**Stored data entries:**
..........
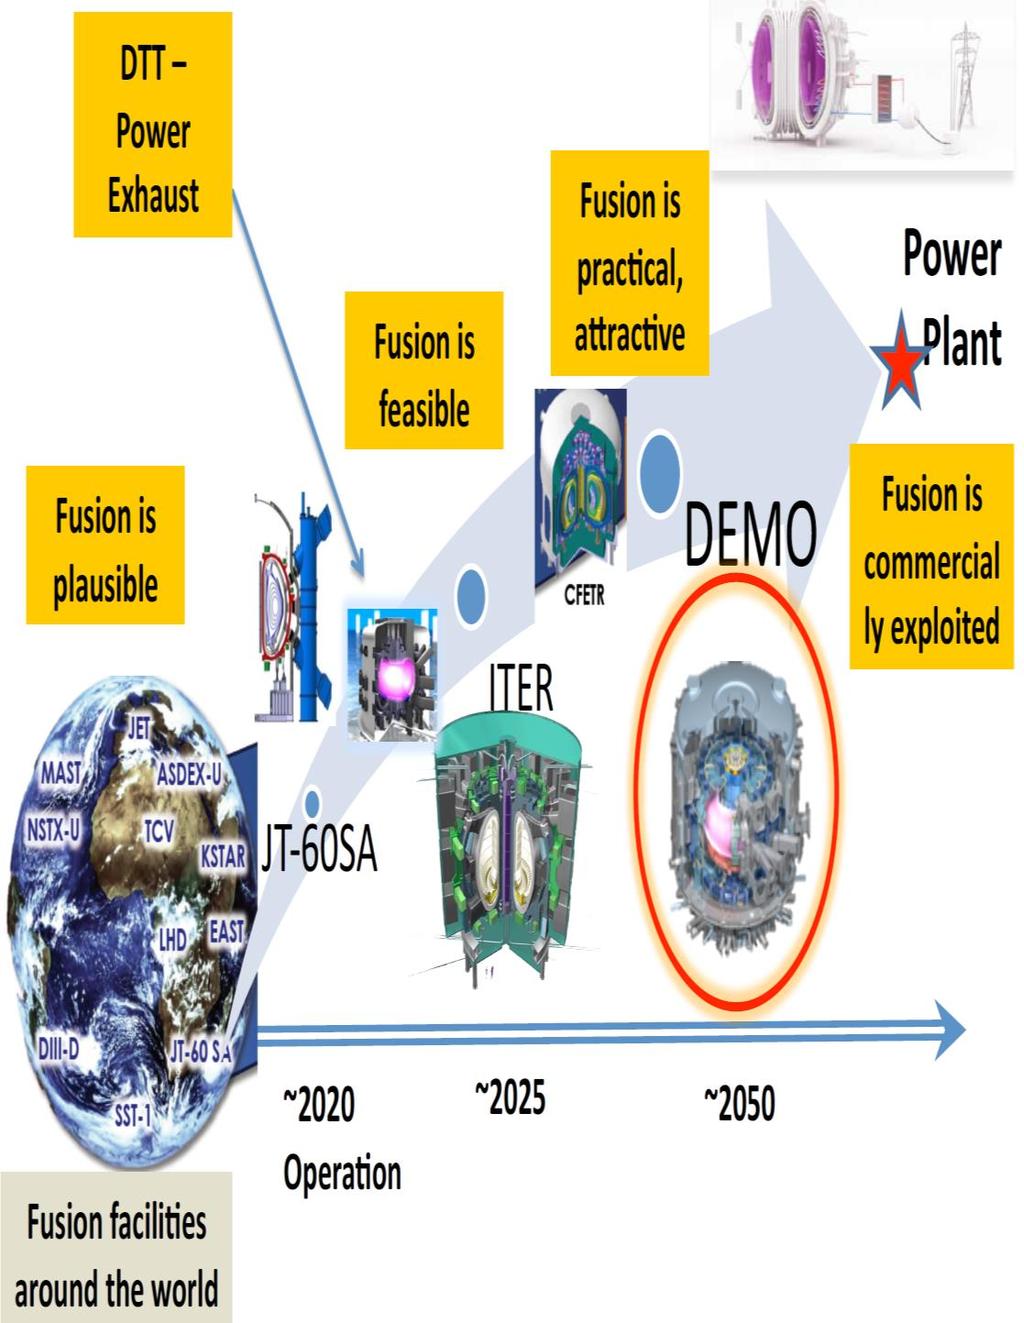 Foreword JET (Since 1983): to study plasma behaviour in conditions and dimensions close to a fusion reactor Including DT Ops JT-60SA : addressing key physics issues for ITER and DEMO noninductive
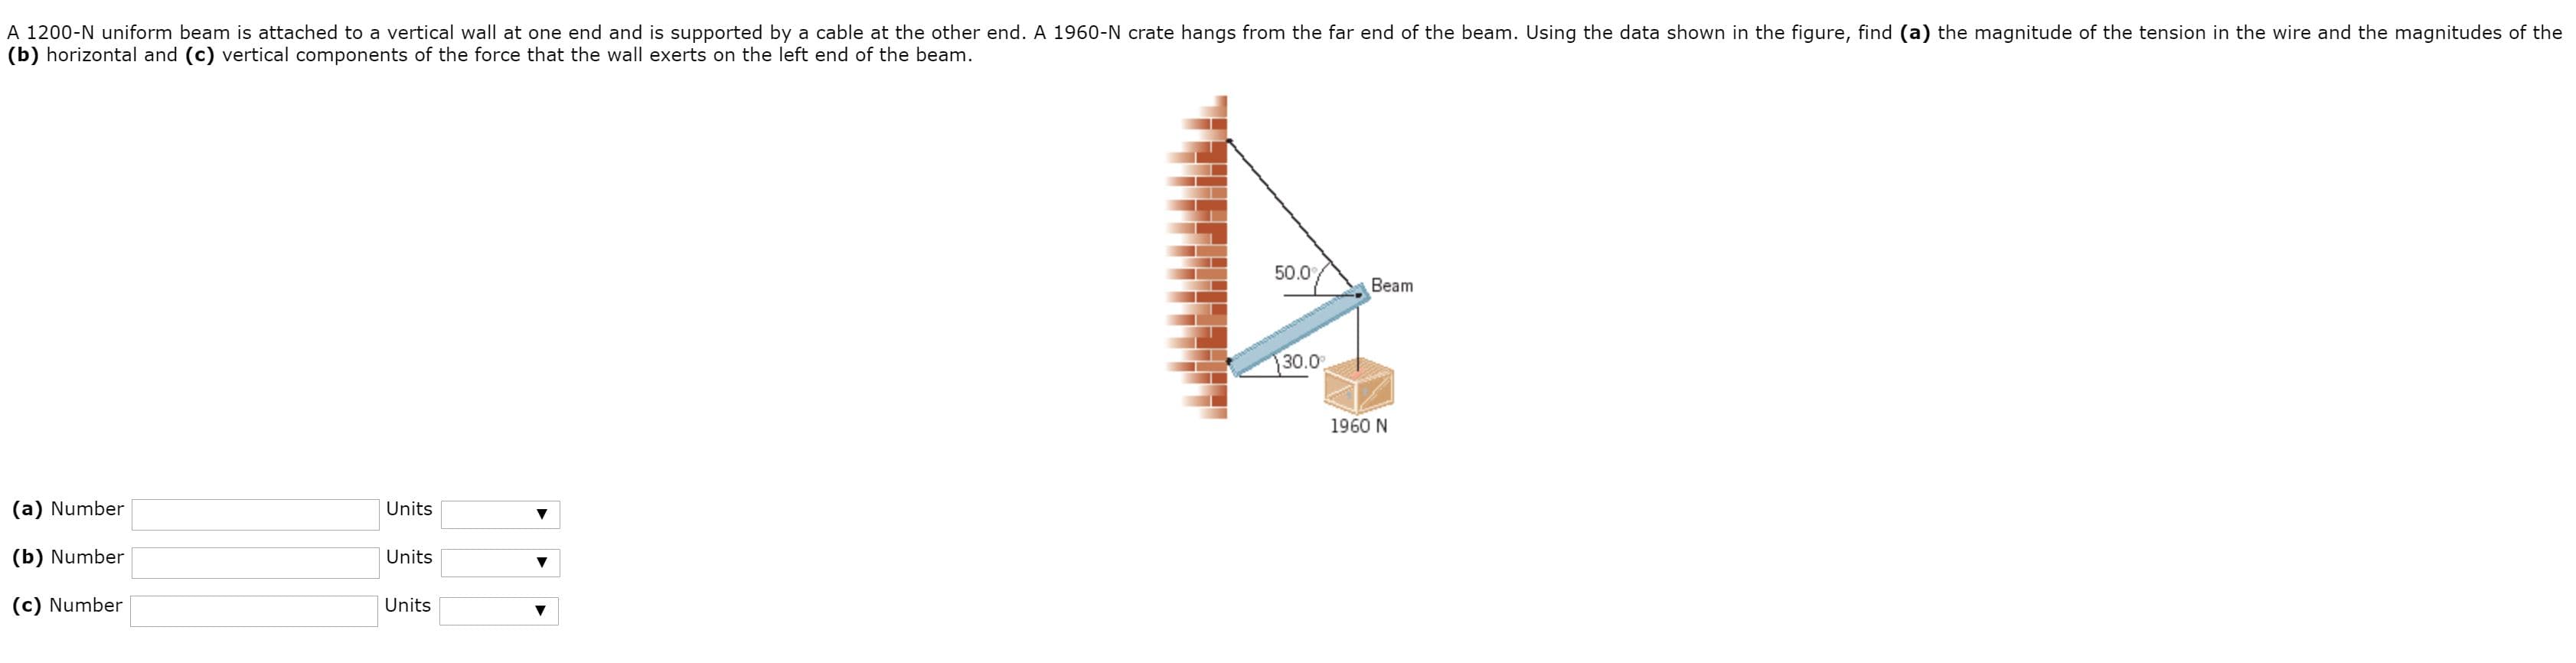 A 1200-N uniform beam is attached to a vertical wall at one end and is supported by a cable at the other end. A 1960-N crate hangs from the far end of the beam. Using the data shown in the figure, find (a) the magnitude of the tension in the wire and the magnitudes of the
(b) horizontal and (c) vertical components of the force that the wall exerts on the left end of the beam.
50.0
Beam
30.0
1960 N
(a) Number
Units
(b) Number
Units
(c) Number
Units
..........
Copy out the entries verbatim and leave the images out.

**Result for this exercise:**
 Foreword JET (Since 1983): to study plasma behaviour in conditions and dimensions close to a fusion reactor Including DT Ops JT-60SA : addressing key physics issues for ITER and DEMO noninductive
 A 1200-N uniform beam is attached to a vertical wall at one end and is supported by a cable at the other end. A 1960-N crate hangs from the far end of the beam. Using the data shown in the figure, find (a) the magnitude of the tension in the wire and the magnitudes of the
(b) horizontal and (c) vertical components of the force that the wall exerts on the left end of the beam.
50.0
Beam
30.0
1960 N
(a) Number
Units
(b) Number
Units
(c) Number
Units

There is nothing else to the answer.